Experimenting with ReadyBoost: A quirky tale of caching.

So, sometime last year, I decided to see just what the Windows ReadyBoost feature would do on my desktop machine.

Yes, I know the feature is designed with laptops in mind, but at the time I did not yet own a Windows 7 based laptop, so there really wasn’t much I could do, save for test the feature on my desktop.  I had good enough reason though: My desktop only has 3GB of Ram; while that gets most things done that I wanted to, if I were to do some heavy image or code editing along with web browsing, things would get a little congested. I figured a ReadyBoost setup might allow me to multitask without the slowness of HDD based swap file access.

So, I purchased a 16GB usb flash drive and set everything up.   I loaded up some game source code, several large graphic files, and did some random web browsing, slowly letting the flash drive build up a cache of common programs and associate data. Things went smoothly for the first few days, and I was happy.  Then, I decided to go to Archive.org and watch some old episodes of “The Computer Chronicles”. That’s when things went south.

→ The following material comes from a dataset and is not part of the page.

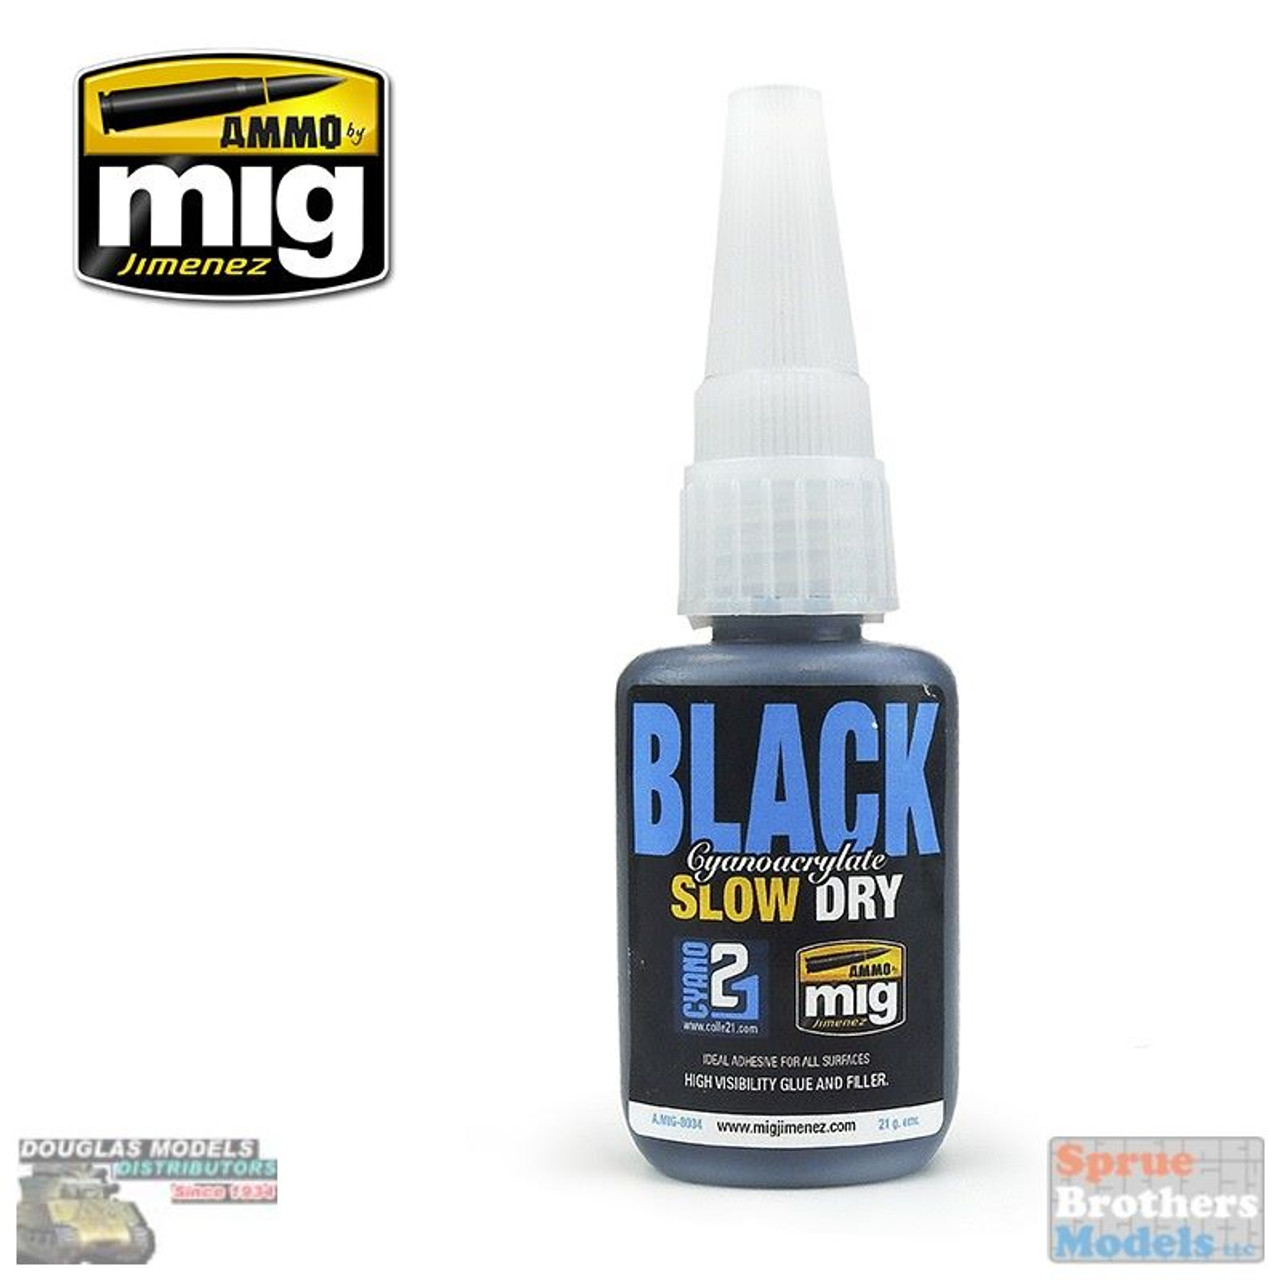 Kit Super Glue 21 Cyanoacrylate Anaerobie + Black Bottle 21gr

Things behaved rather oddly. The videos would not load properly, or would play in odd ways. As far as I could tell, something was wrong with my computer itself. I actually for a time thought the video card was failing on me.  It would turn out that ReadyBoost was actually caching the ENTIRE video as it would download! I don’t know why it was doing this, but it was effectively causing the whole computer to act oddly, probably due to all the read/write activity going on.

ReadyBoost simply failed at this level of usage: Any kind of video file downloaded would result in this same situation, regardless of the site. YouTube garnered the exact same result; slow system response with a virtual inability to view the videos.

Once I finally realized this was going on, I said goodbye to ReadyBoost and just decided to stick it out with the 3GB of Ram in the system. The slight slowdown caused by some file paging was nothing compared to the disaster of having everything in the Ram be dumped to that flash drive.